One weighing signal can be stored. This cell 16
The number of can be set to a desired number by operating the keyboard 11. Now, when the weight of the carcass is sequentially measured, each measurement signal is sequentially stored in each cell 16. When the N weighing signals are stored in the register 15, the boundary weight value calculating means calculates the average value of the N weighing signals, and the calculated average value is used as the boundary weight value in the storage unit 1.
Store at 0. The boundary weight value stored in the storage unit 10 is used as a reference to compare the Nth weighing signals obtained. Therefore, when the weighing signal is larger than the boundary weight value, the article is sorted to the large size line 12. If the weighing signal is smaller than this boundary weight value, the article is sorted to the small size line 11.

Next, when the weighing signal of the (N + 1) th article is input, the oldest weighing signal is erased and the current weighing signal is stored in the register 15. Then, the boundary weight value calculating means calculates an average value of the latest N weighing signals including the current weighing signal, and stores the calculated new average value in the storage unit 10 as a new boundary weight value. Then, the weighing signals obtained at the (N + 1) th number are compared with each other on the basis of the new boundary weight value, and are distributed to the corresponding lines in the same manner as described above. In the same manner, a new average value (boundary weight value) is calculated each time the weighing signal is sequentially obtained, and the articles are sorted based on this boundary weight.

As described above, since the newly obtained weighing signal of the carcass is used as the data to sequentially calculate the average value and the boundary weight value is replaced with the new one, the data of the weighing value may be extremely large. If the small ones are not mixed, the weighed carcass can be distributed to the two lines 11 and 12 in a substantially one-to-one manner. In other words, even if the average value of the carcass population fluctuates to some extent due to differences in suppliers, the carcasses can be distributed to the two lines 11 and 12 in a substantially equal number.

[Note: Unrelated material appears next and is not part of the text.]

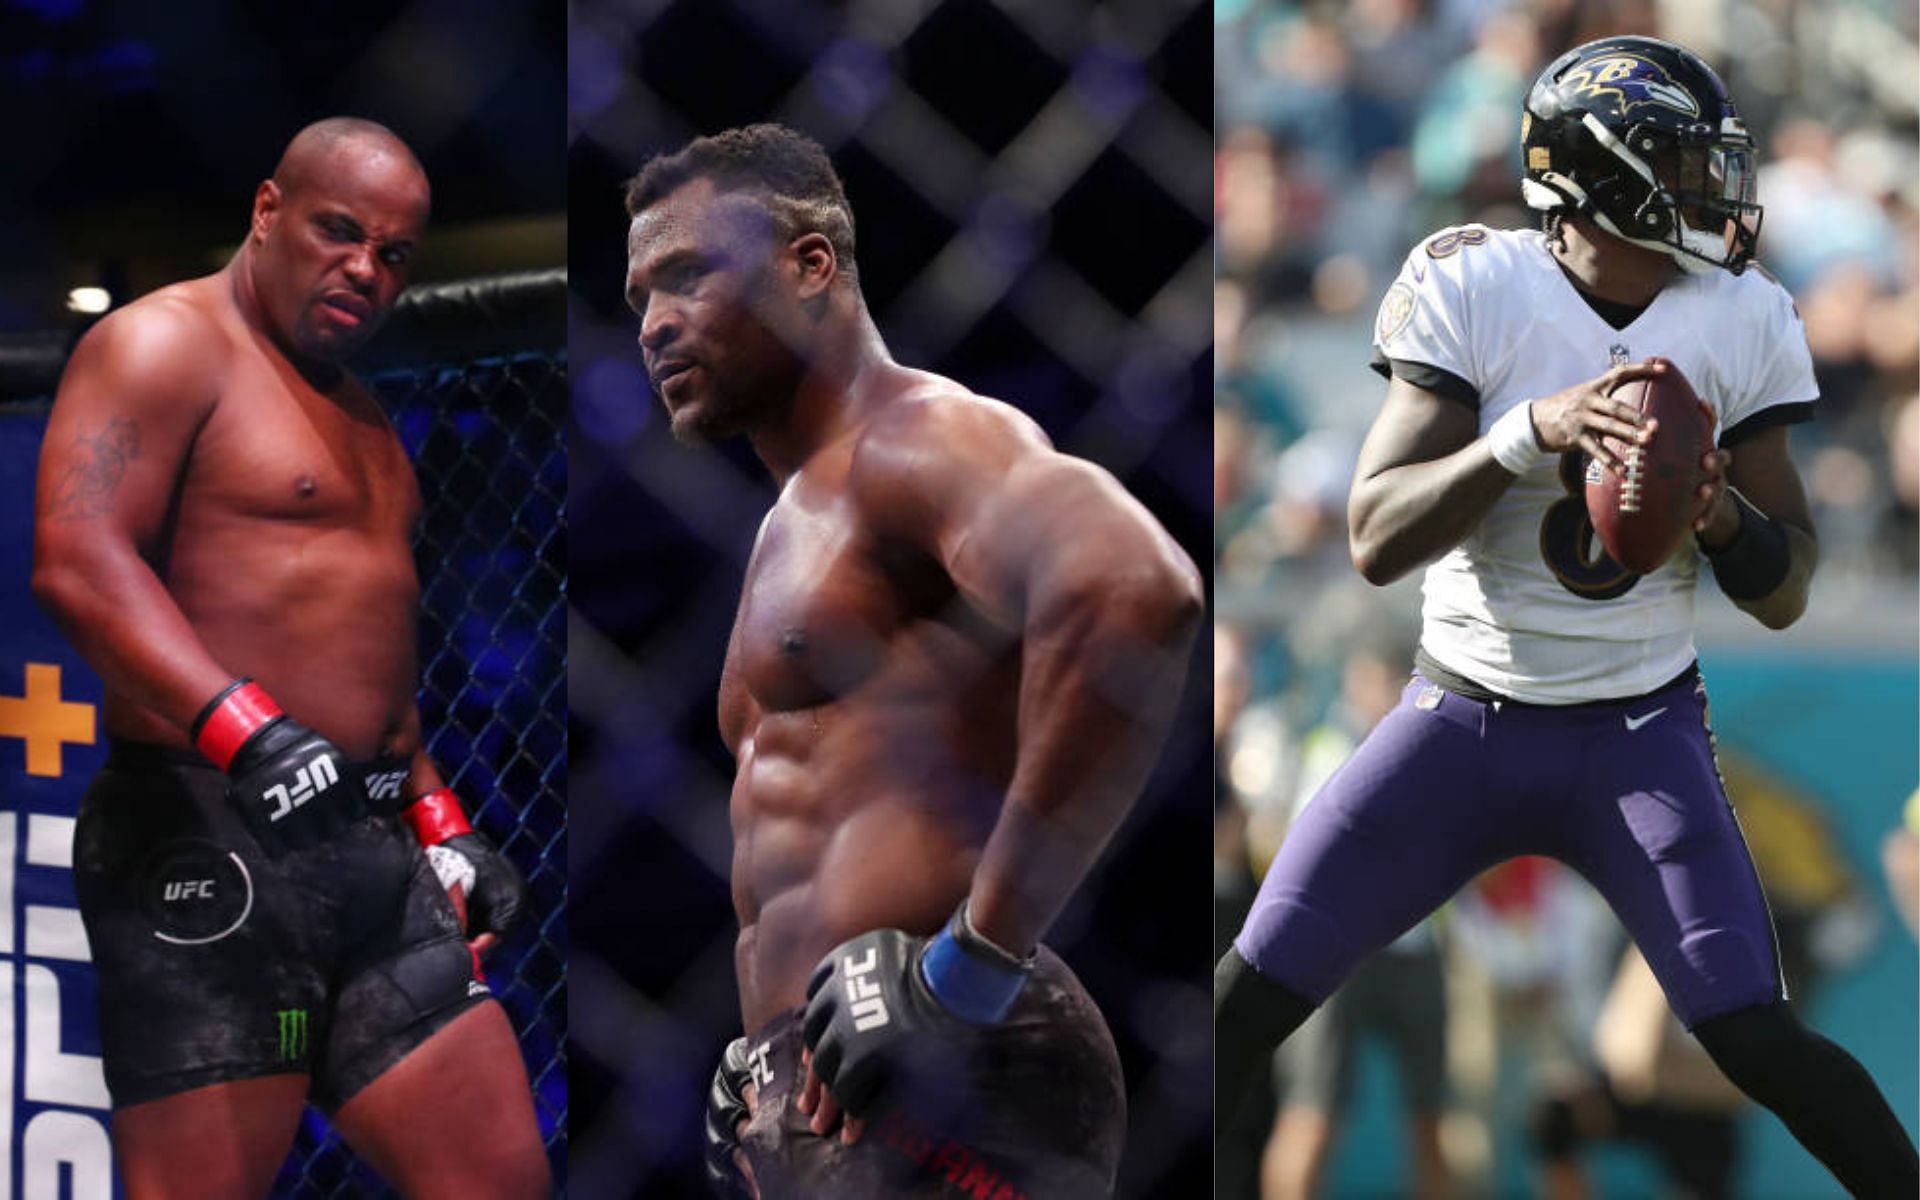 From left to right: Daniel Cormier, Francis Ngannou, and Lamar Jackson

The weight sorter of the second embodiment will be described. This weight sorter enables the weighed carcasses to be distributed to the two lines 11 and 12 in a substantially one-to-one relationship even when the weighing signal includes extremely large or small weighing signals. That is, the difference between the weight sorter of the second embodiment and the weight sorter of the first embodiment is that in the first embodiment, N weighing signals are simply added to calculate an average value,
Although the average value is used as the boundary weight value, in the second embodiment, the weighted average value is calculated and the calculated weighted average value is used as the boundary weight value. The other points are the same as those in the first embodiment, and detailed description thereof will be omitted.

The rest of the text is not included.